MATERIAL PROVIDED:
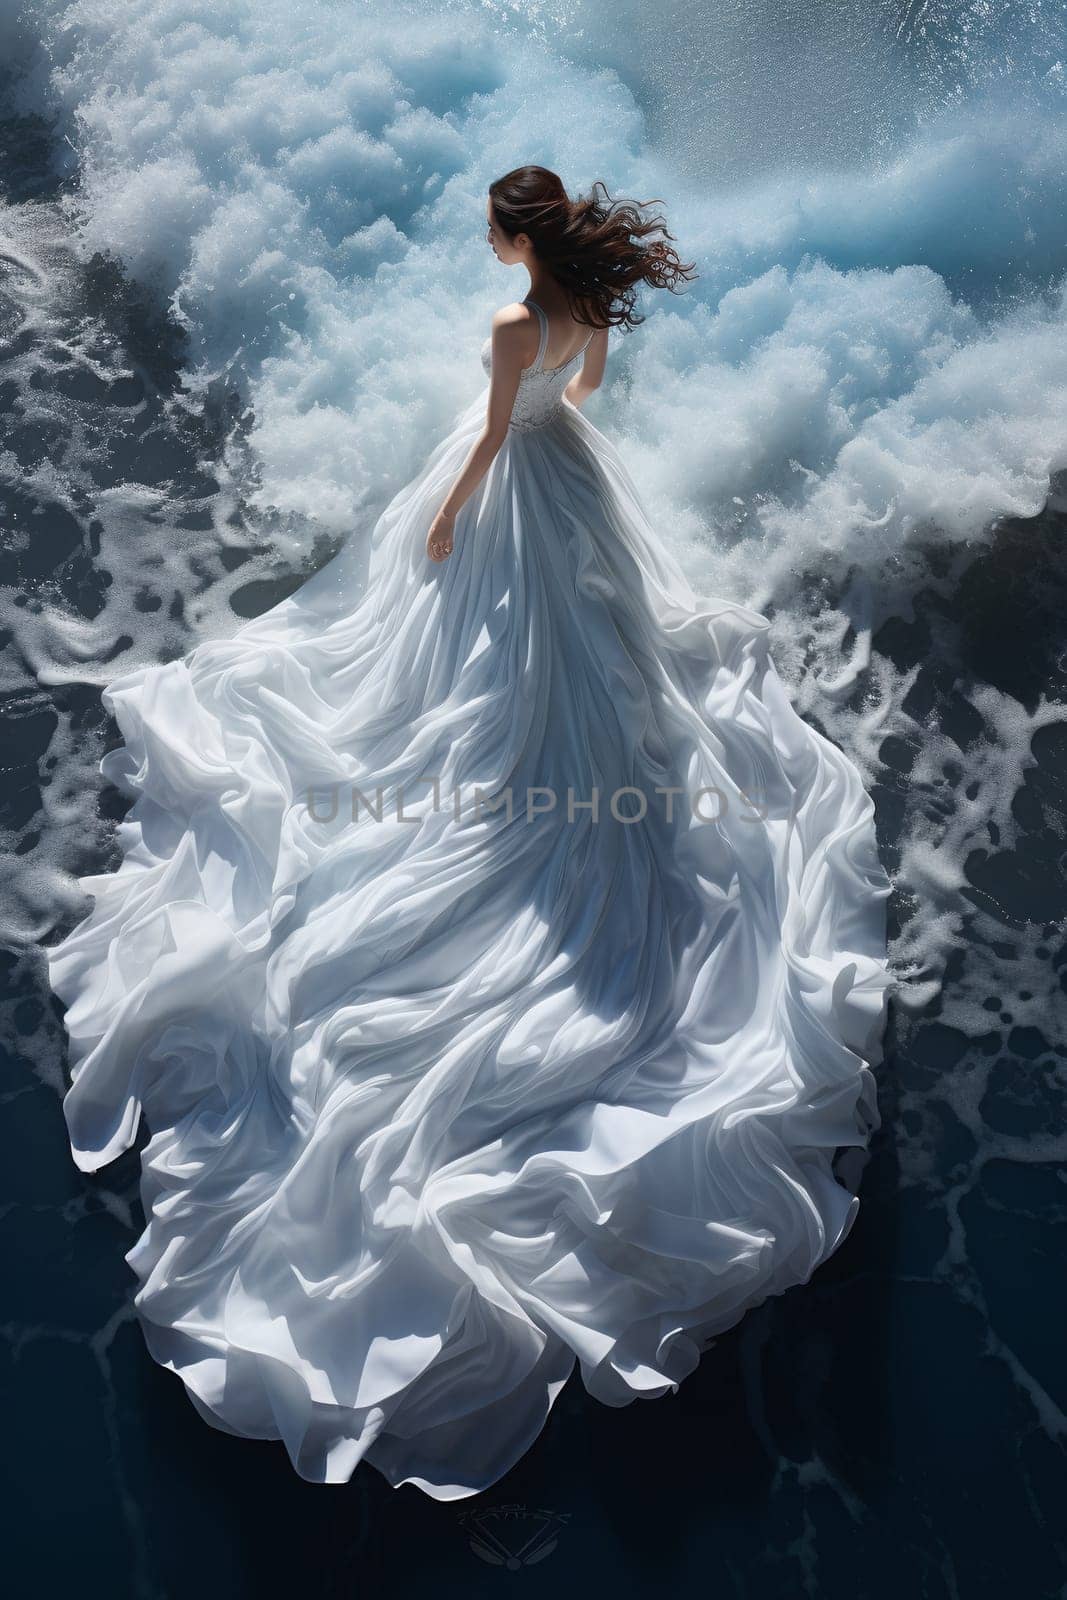 Ethereal Woman in Billowing White Gown Amidst Clouds by chrisroll
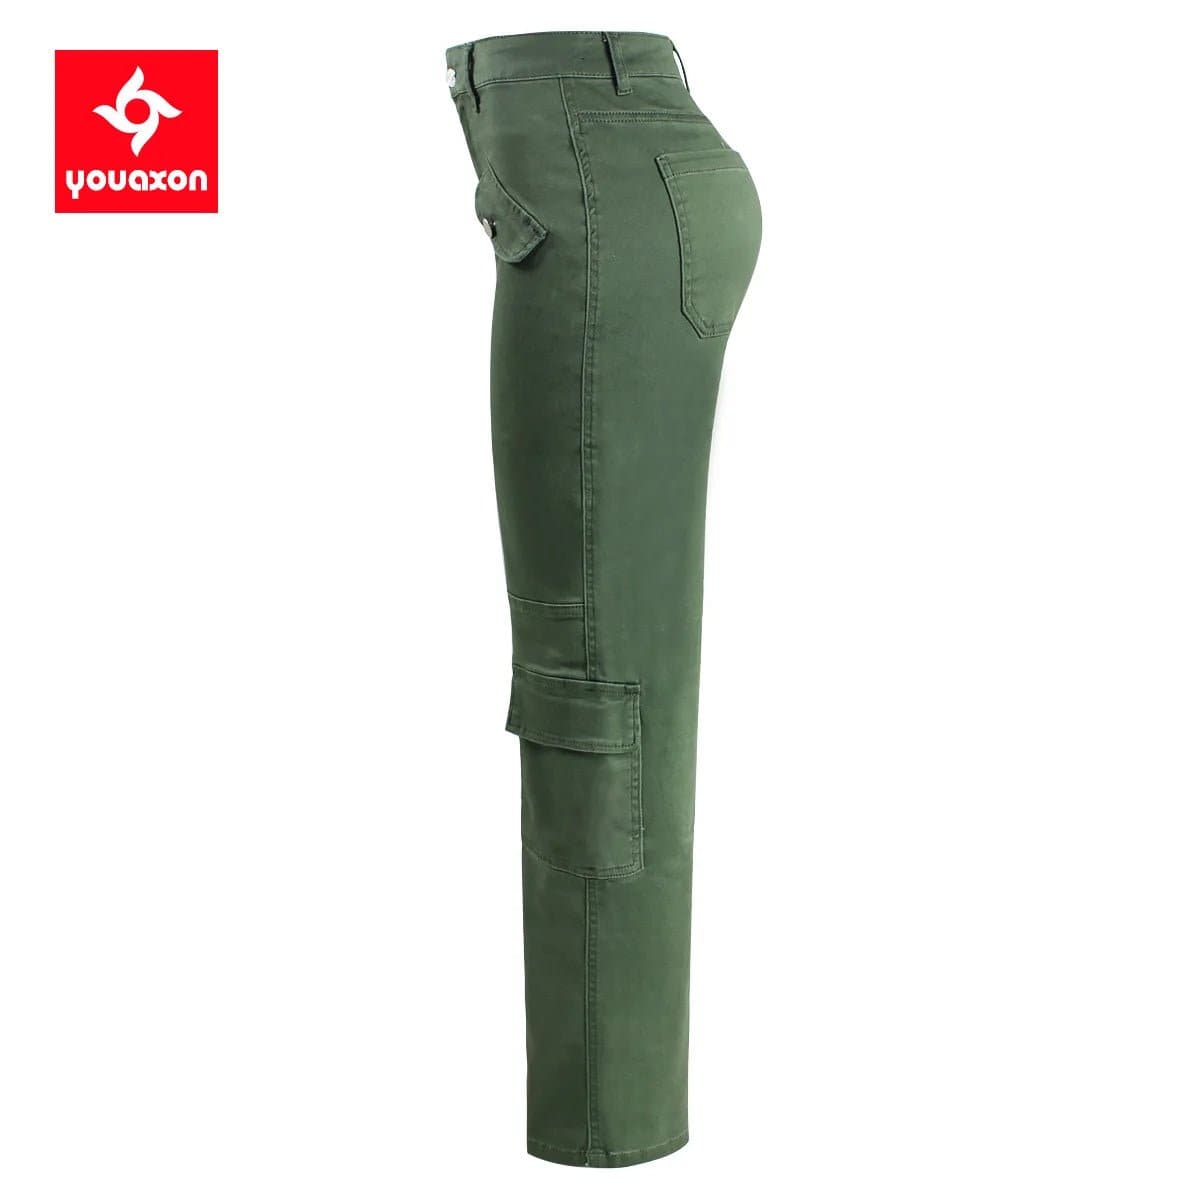 Stretchy Cargo Pants - Wandering Woman
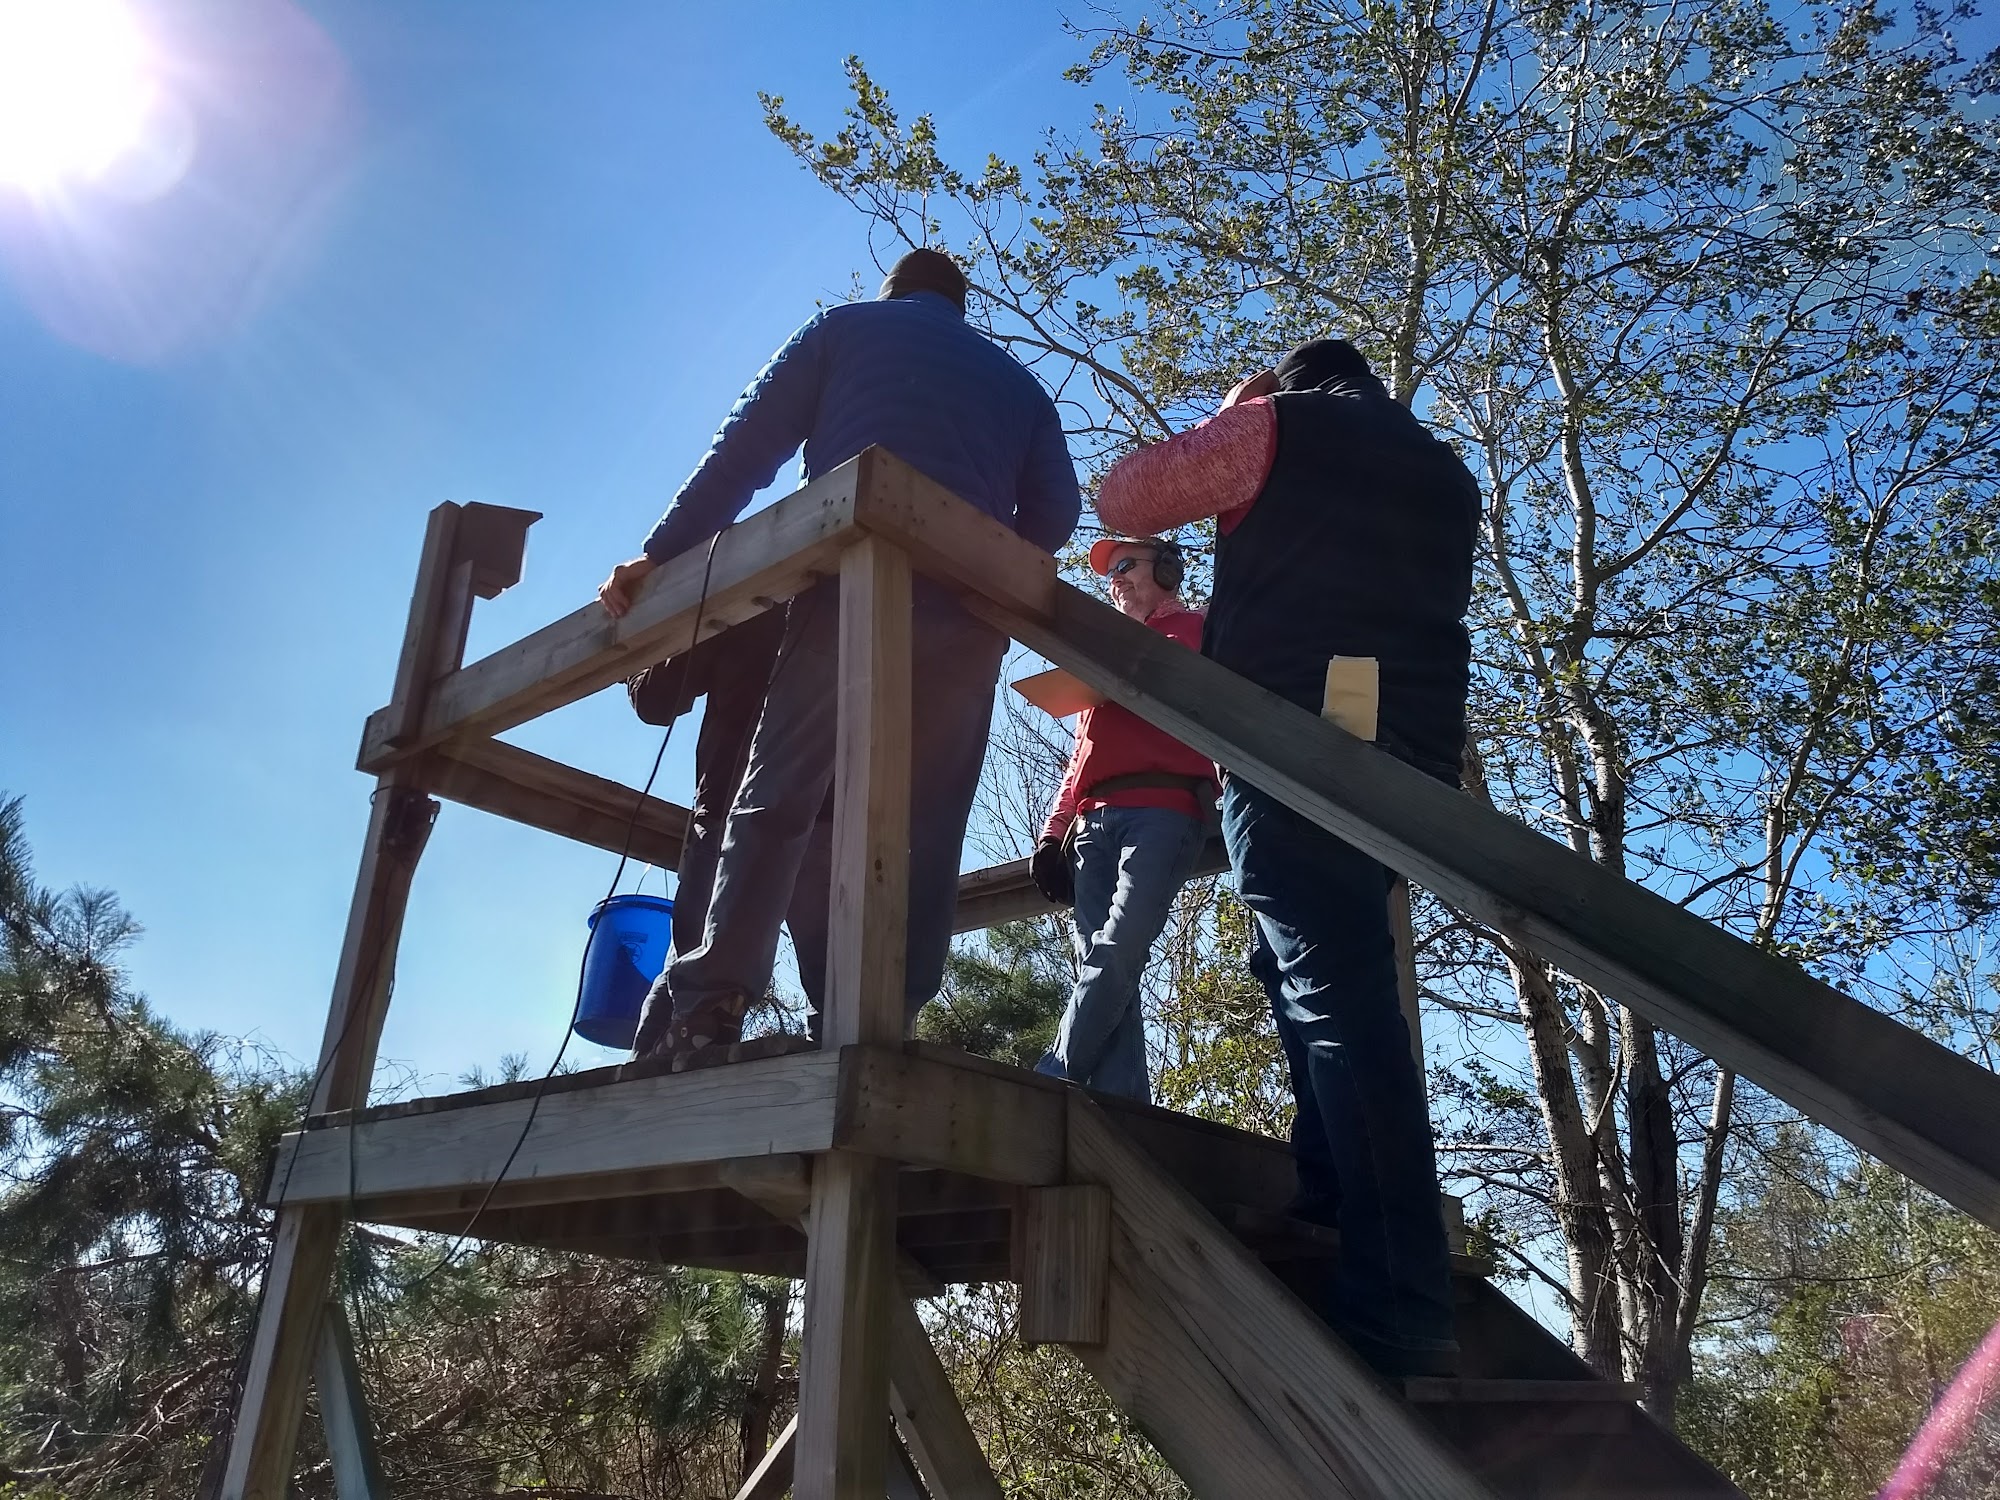 Blendon Pines Sporting Clays

DIRECTIONS: The output must start at the line holding "Stretchy Cargo Pants - Wandering Woman", end at the last line of the listing above, and show each line exactly; please omit all pictures.

FINAL ANSWER:
 Stretchy Cargo Pants - Wandering Woman
 Blendon Pines Sporting Clays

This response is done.